Although originally defined as a T-cell activation molecule, CD38 expression is found on other cell lineages. Within the B-cell compartment, CD38 is expressed by B lineage blasts in bone marrow and by B lymphocytes in germinal centers, activated tonsils, and by plasma cells. Mature virgin and memory B cells express only low levels of the molecule. CD38 also has been found in pancreatic acinar cells, smooth muscle cells, osteoclasts, and in different areas of the brain, although in most of these instances, CD38 is found in the cytosol and/or in the nucleus and not on the cell membrane.
The protein encoded by CD38 is a single chain type II transmembrane molecule displaying a molecular weight of ∼ 45 kDa. The functional CD38 molecule is a dimer, with the central part between the two monomers hosting the catalytic site. The monomer to dimer transition controls the functions of the molecule. Additional control is made by how the CD38 is arranged in lipid microdomains of the plasma membrane where the molecule has a tendency to associate with other proteins, forming large supramolecular complexes. CD38-associated molecules in human B cells include the CD19/CD81 complex, the chemokine receptor CXCR4, and adhesion molecules such as CD49d. CD38 is also found in exosomes, membrane vesicles secreted by B cells, and is probably part of an intercellular communication network.
An initial function attributed to CD38 was the regulation of activation/ proliferation of human T lymphocytes. Stimulating monoclonal antibodies (mAbs) specific for CD38 induce rapid Ca2+ fluxes and trigger the phosphorylation of a cascade of intracellular substrates, leading to activation of the NF-κB complex. Protracted effects include initiation of genetic programs causing cytokine secretion and proliferation of T lymphocytes. CD31 (also known as PECAM-1) is a non-substrate CD38 ligand that can start the signaling cascade and recapitulate the biologic events observed in vitro using surrogate agonistic mAbs.
The functional properties of CD38 on human B cells appear to be strictly linked to the stage of maturation. Blocking mAbs in cultures of CD19+ B-cell precursors on stromal layers markedly suppresses B-cell lymphopoiesis by inducing apoptosis. Opposite effects are observed in mature circulating B lymphocytes and tonsillar germinal center B cells, where CD38 ligation is followed by activation, apoptosis inhibition, proliferation, and cytokine secretion.

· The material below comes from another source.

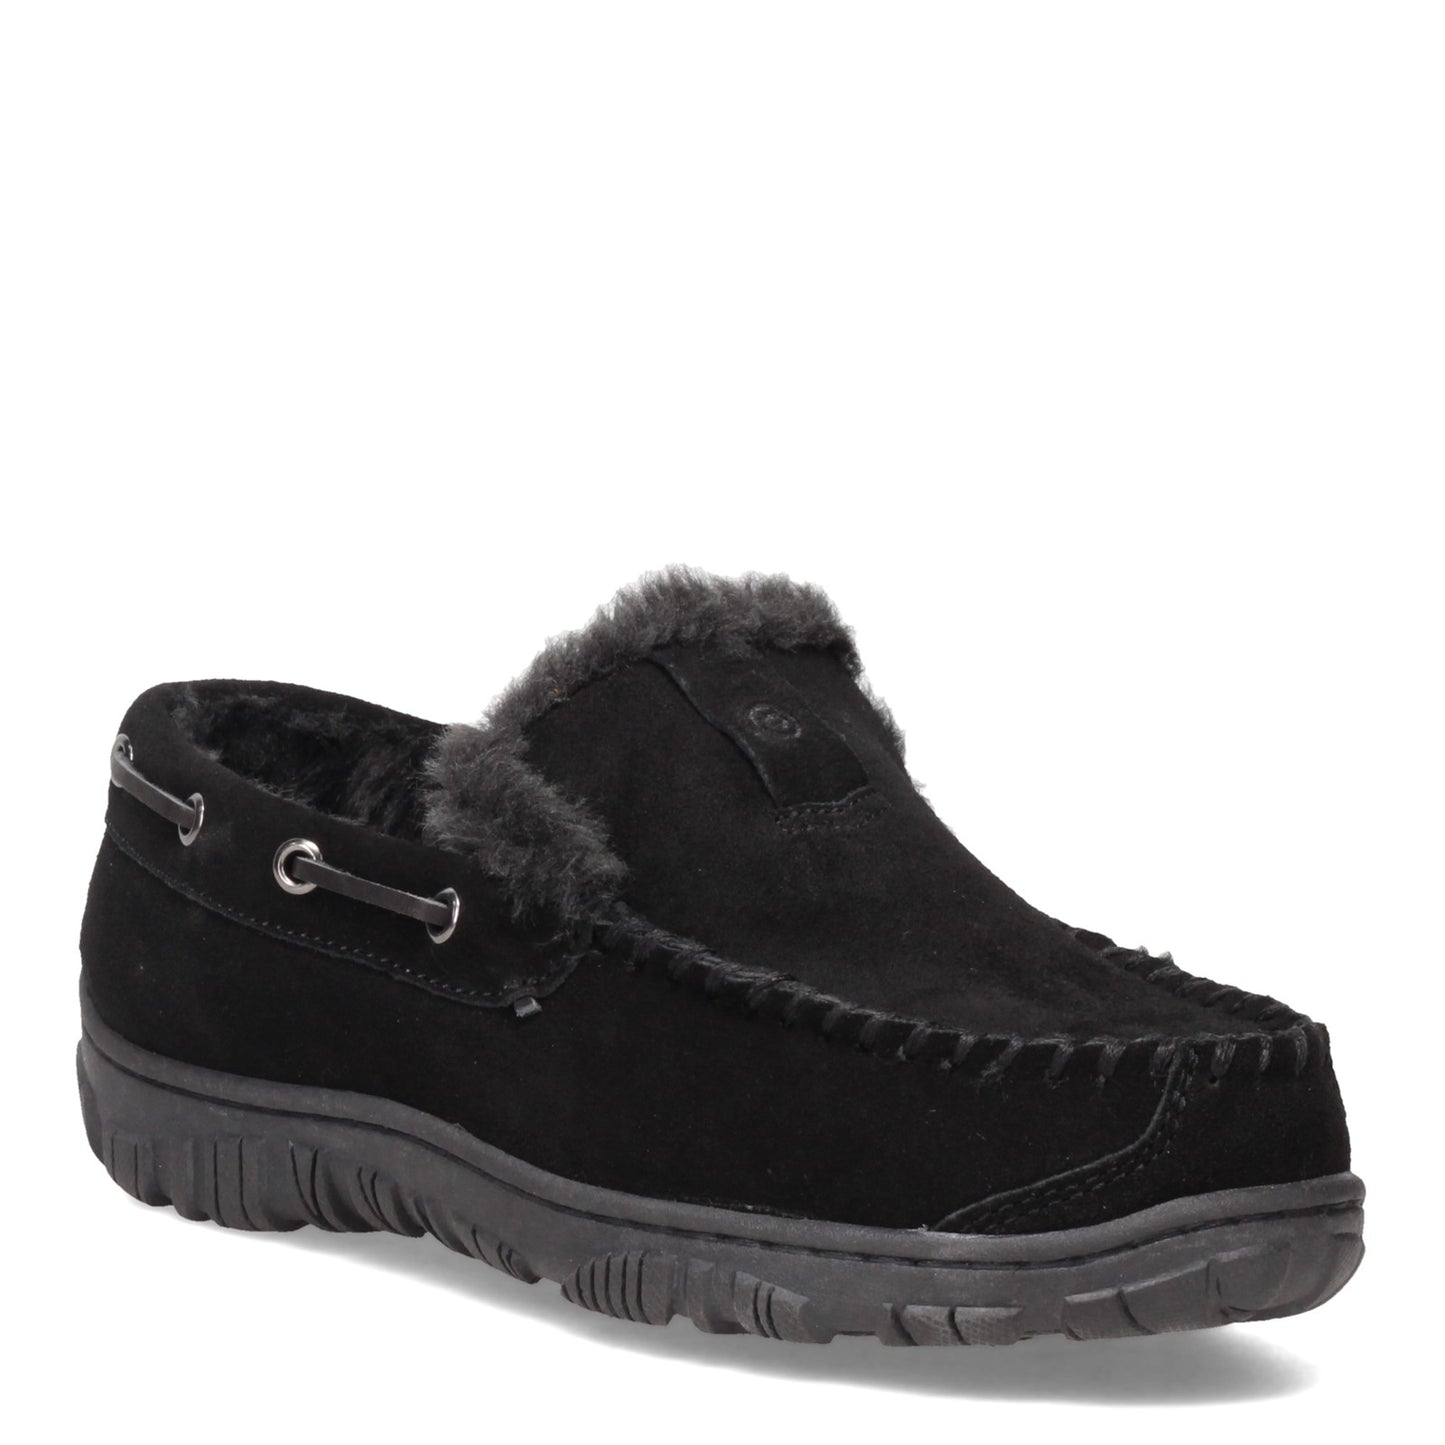 Peltz Shoes  Men's Clarks Venetian Moccasin Faux Fur Slipper BLACK JMH0674-201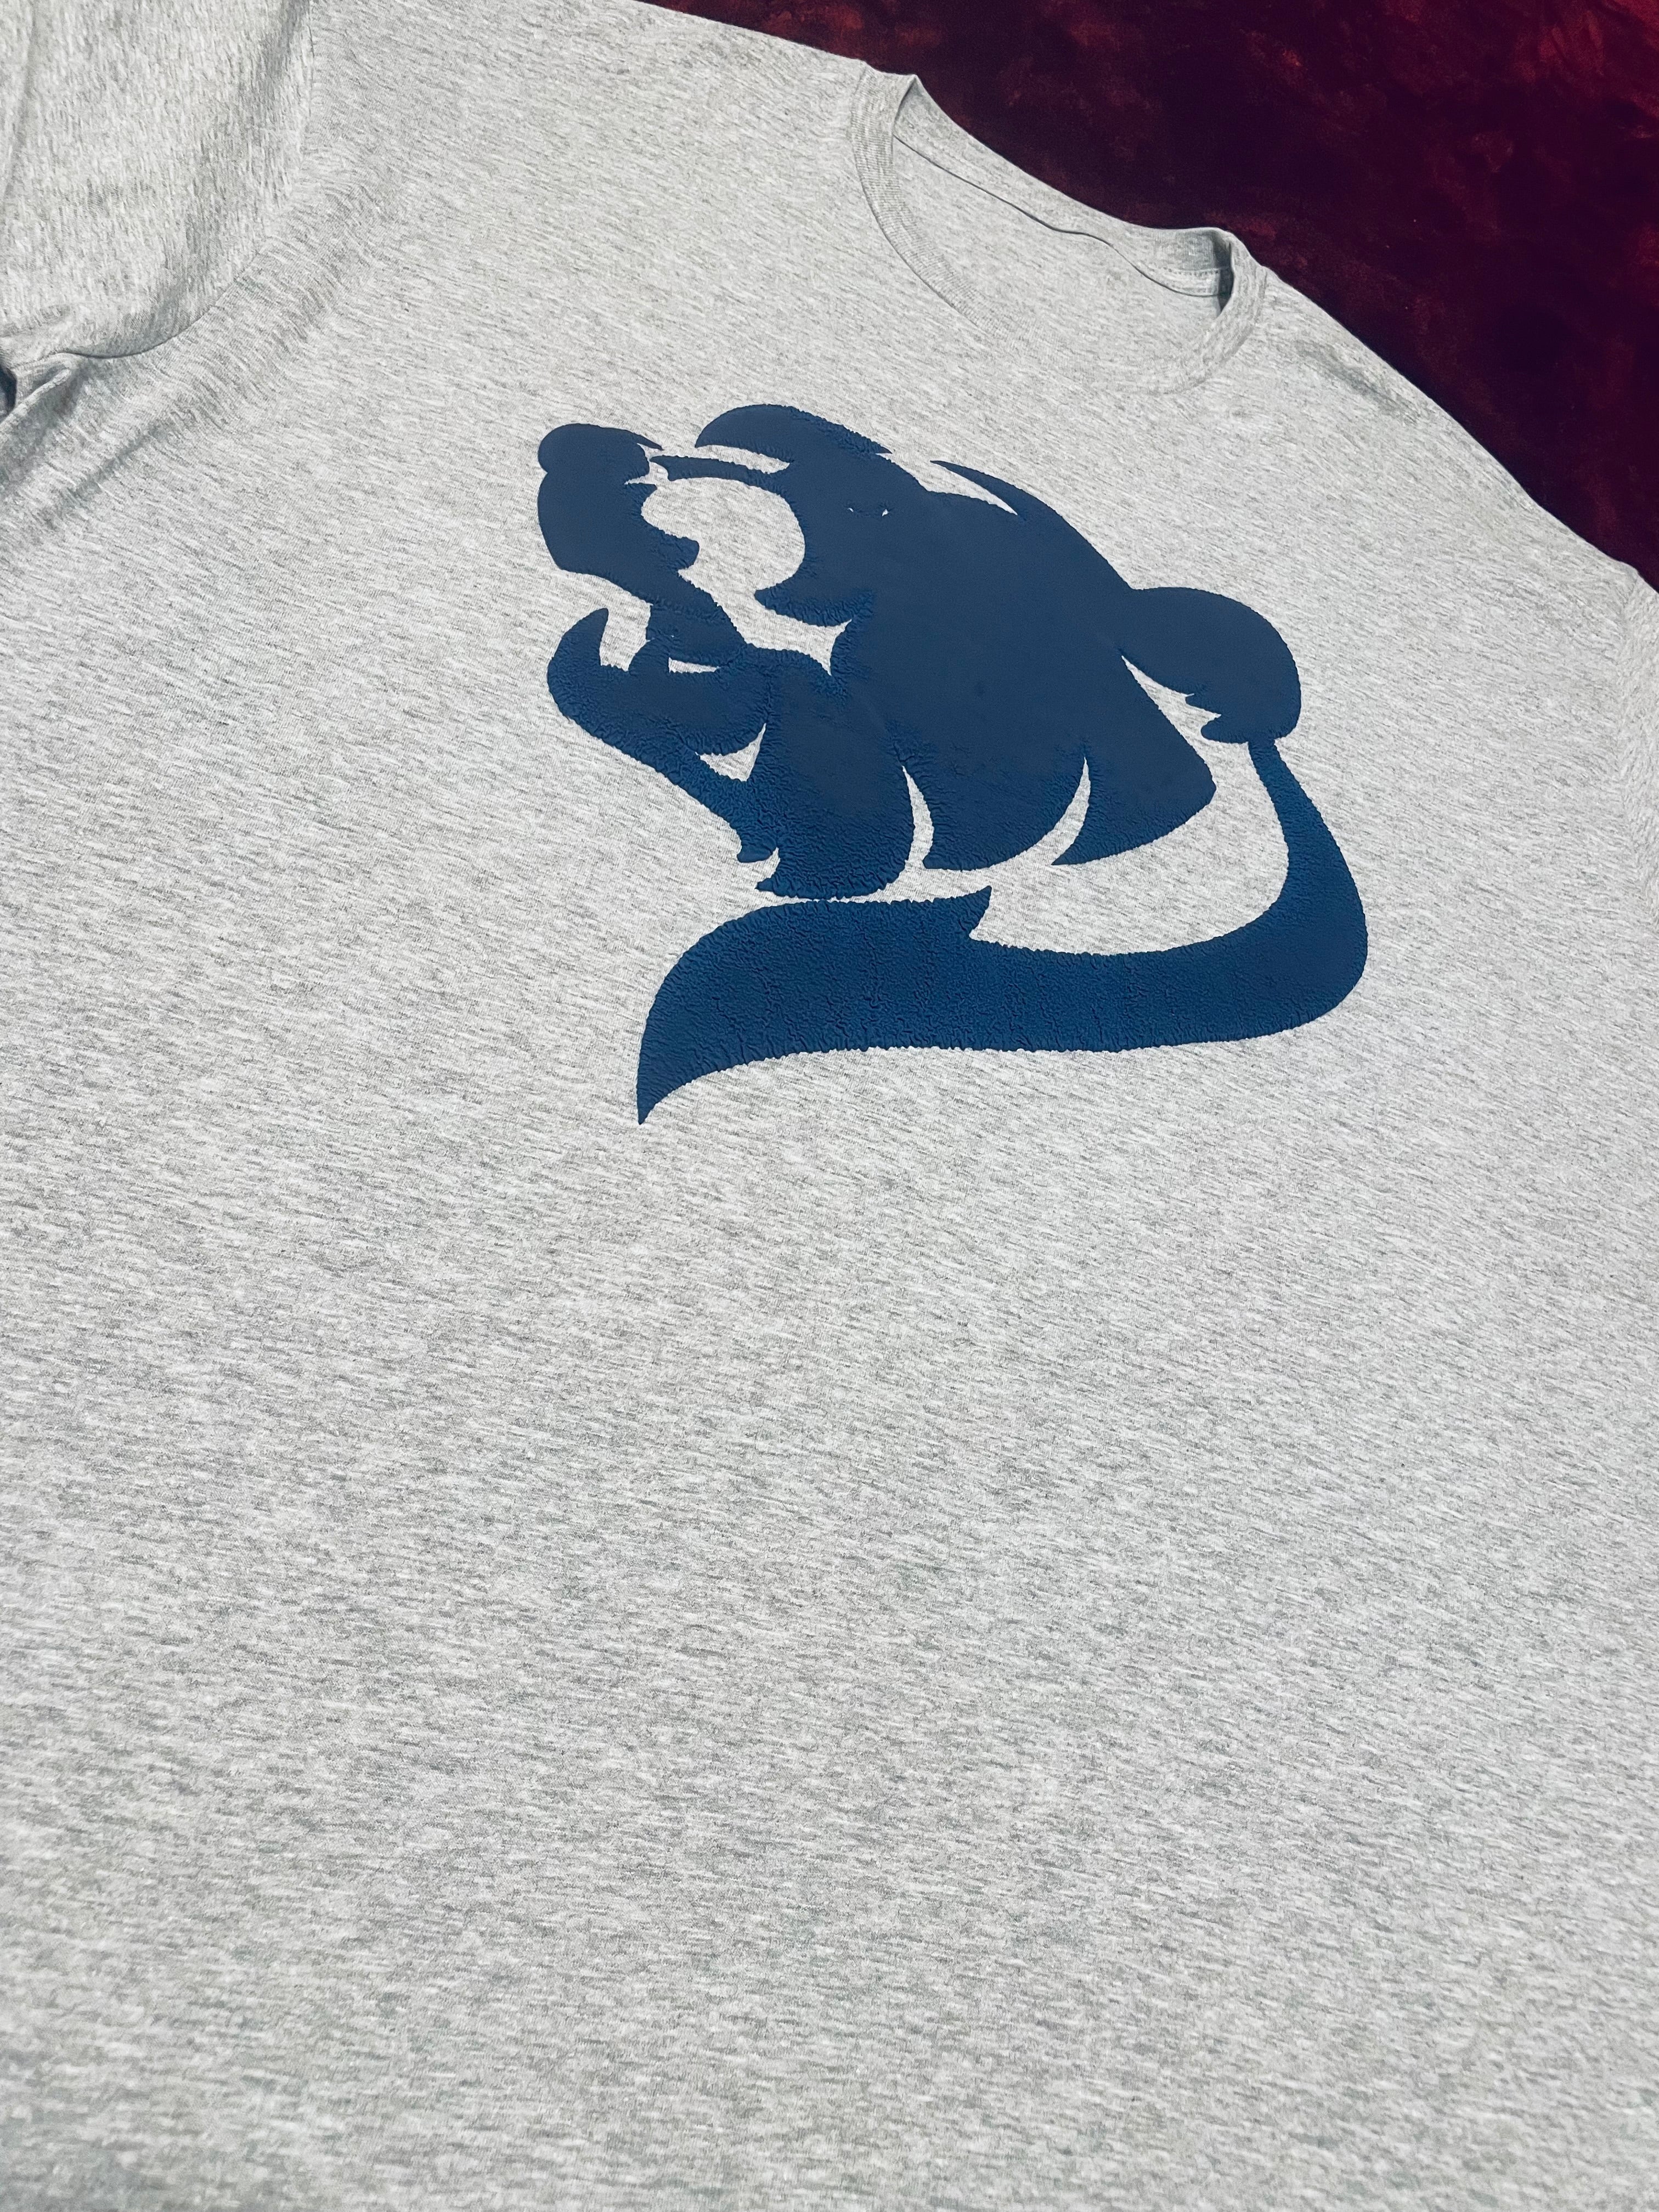 Fallon Aurielle Unisex Signature 3 Piece Spirit Animal Bear Logo Short Set (Silver Gray & Navy Blue)

In both instances, the mechanisms are attributed to the activation of an intracellular signaling pathway ruled by CD38 and requiring an association with CD19. The ensuing phosphorylation cascade includes lyn and phosphatidylinositol 3-kinase, among other kinases.
CD38 has a striking similarity to the enzyme adenosine diphosphate (ADP) ribosyl cyclase. This enzyme has the unique characteristic of cyclizing NAD+ to generate cyclic ADP ribose (cADPR), a second messenger that releases Ca2+ from internal stores, independently of the IP3 pathway. cADPR is a ubiquitous second messenger in eukaryotic cells. A further enzymatic activity recently attributed to CD38 is the pH-dependent conversion of NADP+ to NAADP+. These products bind different receptors and channels involved in the regulation of Ca2+ and activating critical signaling pathways.
How these varied functional activities can be conducted by a single molecule is yet to be defined.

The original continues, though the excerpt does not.